Guarini’s first response had been to ask who was riding the bicycle.
“Some woman,” I’d said. “Cambridge type. She’s irrelevant. The point is that Frey needs to get used to bicycles and strangers and everything else. He needs socialization.”
It’s a tribute to Guarini’s love of dogs that he listened to me at all. He rejected my advice that he take Frey to puppy kindergarten class. Offering no explanation, he refused to let me take Frey myself. Guarini did, however, submit to my badgering by agreeing to meet me where we were now, behind the mall at the Fresh Pond rotary in Cambridge. After Guarini and I had gone back and forth about locations, we’d settled on the area between Danehy Park and the rear of the mall, just behind Loaves and Fishes, which would be easy to mistake for a natural-foods supermarket, but is actually a religious institution whose followers subscribe to the belief that they’ll be poisoned if they eat anything from an ordinary supermarket. Danehy Park, in contrast, is no temple of purity. It used to be a dump. It still has no mature trees. The mall is surrounded by blacktop, and the main parking lot is in front of the stores. There was nothing along the side of the building except a laundromat. The openness of the spot was probably why Guarini had agreed to it. You may recall that in remarking on the absence of foundation plantings at Guarini’s house, Joey Cortiniglia had said, “So’s no one can’t hide nowhere.” Well, no one couldn’t hide nowhere here, either.
Although the Loaves and Fishes mall and the park are an easy walk from my house, I’d used my car so I could take Rowdy and Kimi for a walk in the park and then have a safe place to stash them while I worked with Guarini and Frey. Just as planned, when the dogs and I returned to the Bronco, Guarini was arriving with what struck me as a small army and probably was one in the literal sense of being a company of armed men. The two bodyguards towered over Guarini, who wore a tweed coat and one of those stupid-looking tweed hats. The hat was anything but cool, but the ebony cane more than compensated. As a dog trainer rather than a connoisseur of cool, I was happy to note that the coat, probably chosen to disguise dog hair, had capacious pockets well suited to hold the cheese, meat, and other dog treats I’d instructed Guarini to have with him. Zap the Driver had parked the limo between my decrepit Bronco and a shiny new silver Chevy Suburban. Lounging near the Texas Cadillac were Joey “The Neanderthal” Cortiniglia, as I thought of him, and Al “The Count” Favuzza, as the Boston papers and maybe even his friends referred to him. Everyone except Guarini wore what I came to think of as the Mob uniform: a zip-front nylon or cotton warm-up jacket in a solid, neutral color, trousers rather than jeans, and running shoes or loafers. The surprising and invariant feature of the uniform was that with the exception of an occasional pair of running shoes, every single piece of clothing worn by everyone but Guarini looked cheap.
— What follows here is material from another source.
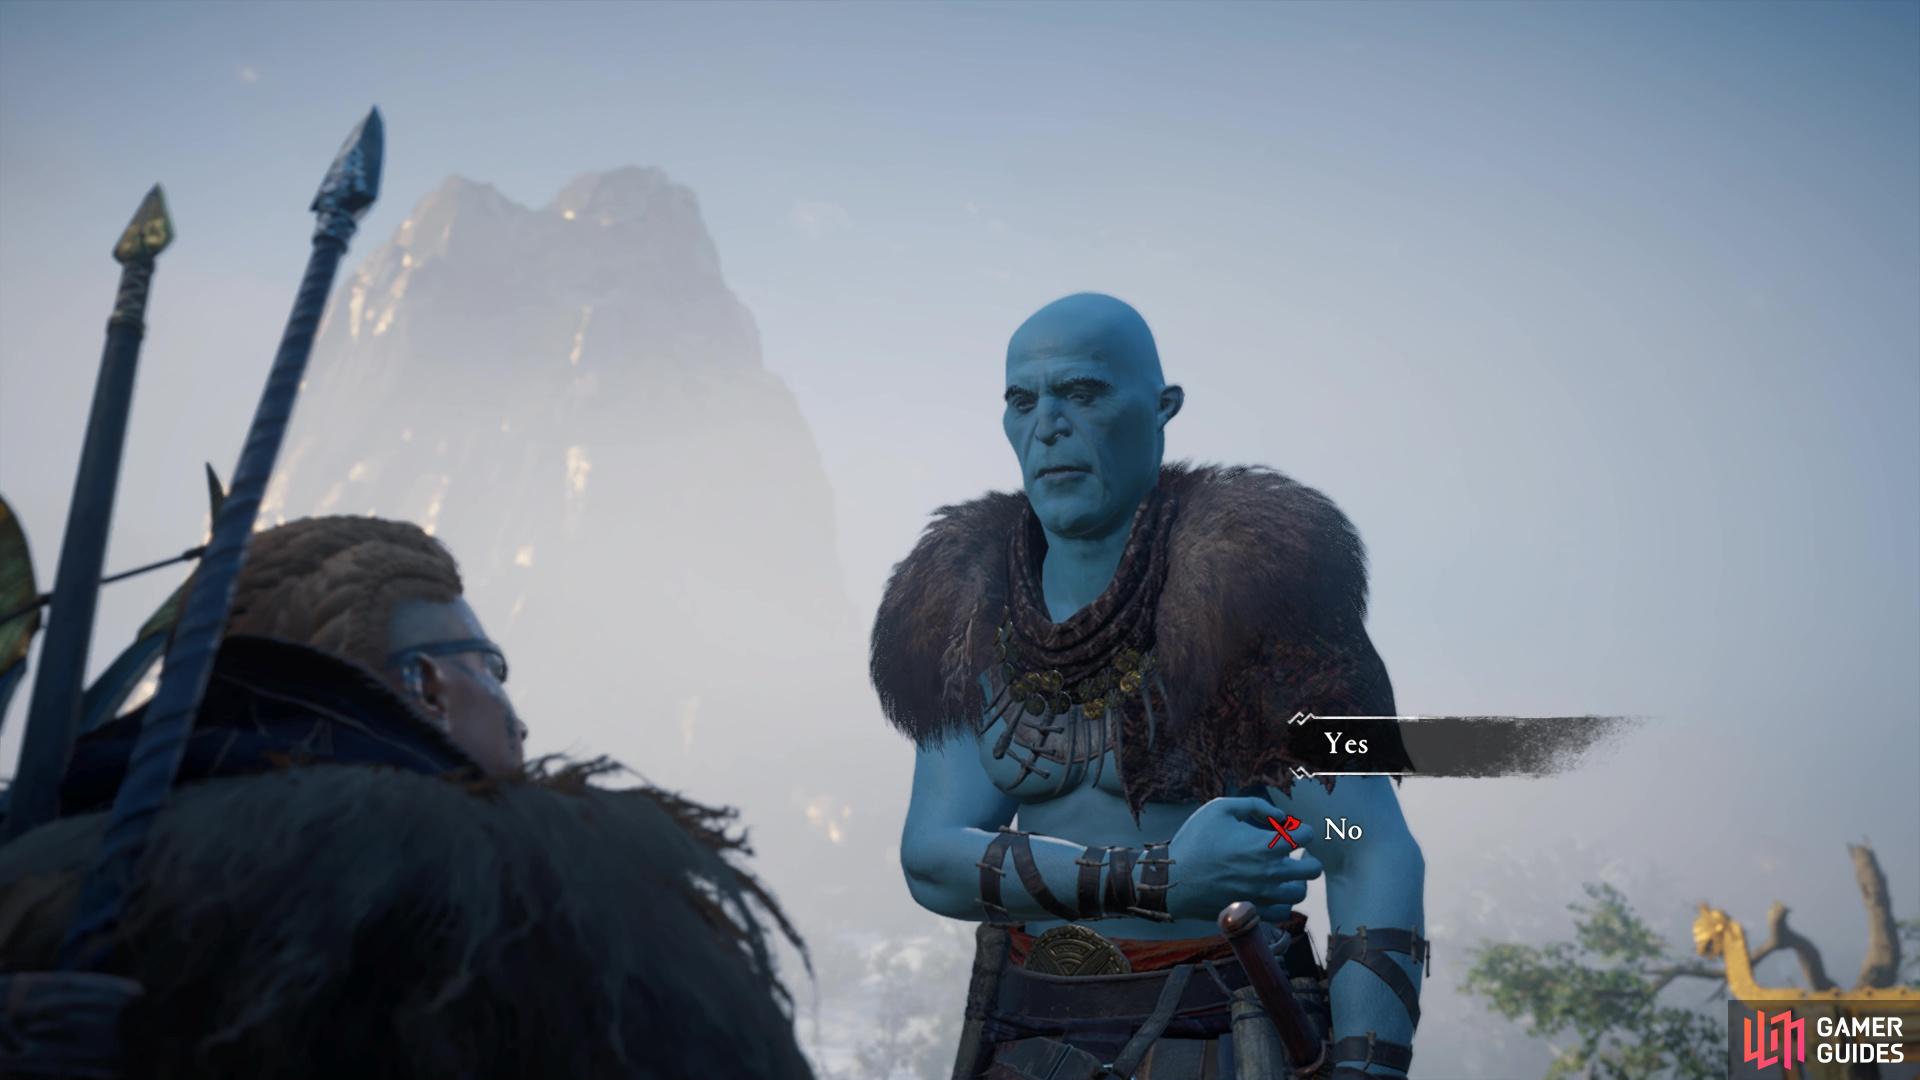 Will you spare the Jotun enemy now hes given you information?

In retrospect, it seems to me that Joey Cortiniglia acted nervous. I can’t be sure. He and Favuzza kept looking around, but so did Zap and the bodyguards. Maybe all of them were just doing their job, which was, at the moment, to protect Guarini. Still, I have the vivid impression that Joey fidgeted and that his face was damp.
I greeted Guarini, Zap, Joey, and Favuzza just as if they were normal human beings instead of organized-crime figures. Rowdy and Kimi outdid me by wagging their beautiful tails and sounding peals of woo-woo-woo, but they directed their salutation exclusively to the alpha figure, Guarini, and disregarded the lesser-ranking members of his pack. The only ones I ignored were the bodyguards.
“Where’s Frey?" I asked.
Zap jabbed a thumb at the limo.
“Let me just crate Rowdy and Kimi,” I said to Guarini, “and then we’ll get to work.”
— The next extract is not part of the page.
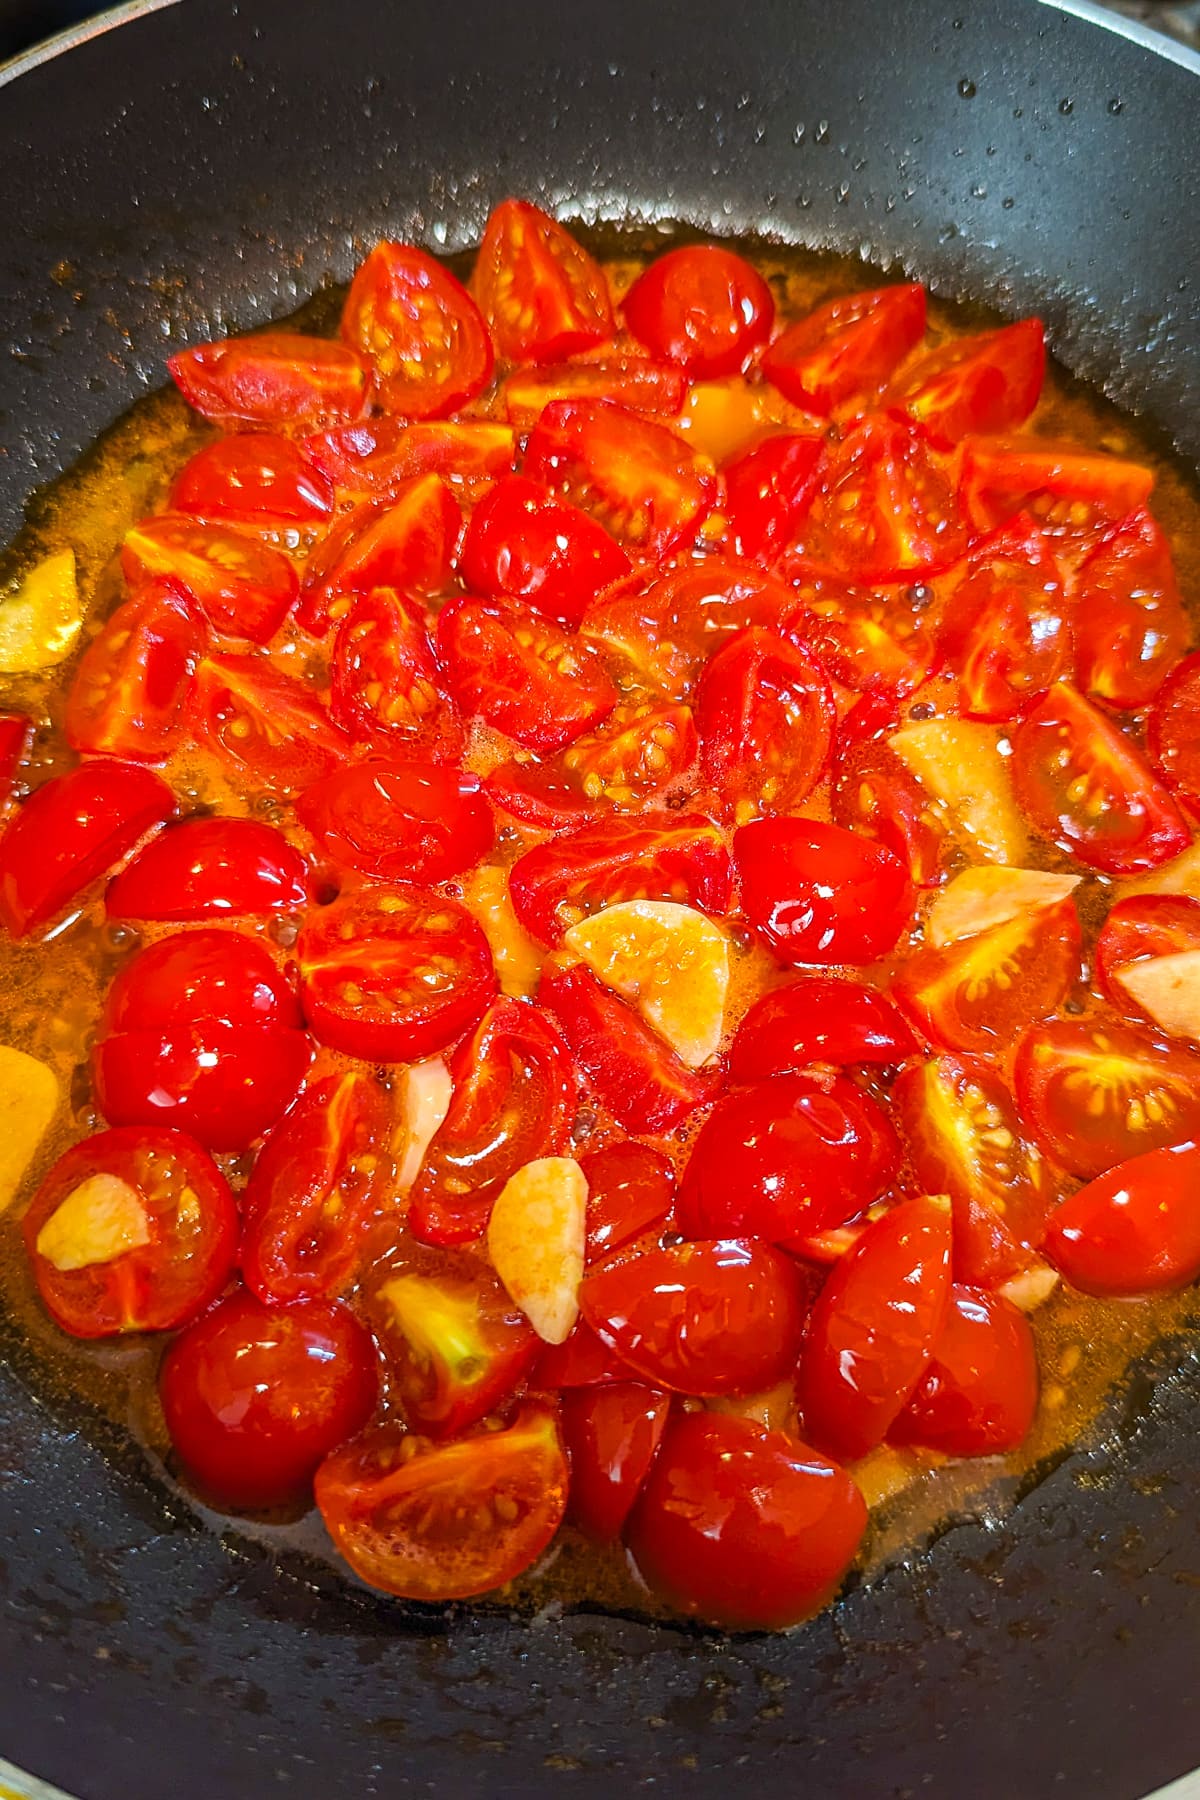 Cooked tomatoes and garlic in a frying pan on the stove.

As I was opening the Bronco’s door, however, Joey offered to take care of the dogs so they wouldn’t have to be, as he phrased it, “locked up.” As he went on to explain, “Them dogs didn’t do nothing wrong.”
Mindful that Guarini had recently been released from a federal pen and that the topic of incarceration was doubtless a sensitive one for Joey, too, I was inclined to accept his offer. After exchanging glances with Guarini and getting his nod of approval, I said to Joey, “Okay, but no matter what happens, hang on to their leashes. Don’t let go! And you’d better keep them away from other dogs. They’re usually all right, but if someone’s five-pound lap dog decides to tackle them, they won’t back down, so if you see another dog, walk in the opposite direction. Or put them in the car. I’ll leave it unlocked.”
A glimmer of something weirdly reminiscent of intelligence crossed Joey’s face. “My wife’s got a little tiny dog,” he said.
“They’re often very bright,” I remarked truthfully. “Very trainable.”
“Not this one,” Joey said. “Not Anthony.”
Favuzza snorted. Or maybe he intended to laugh. The sound was throaty and repulsive.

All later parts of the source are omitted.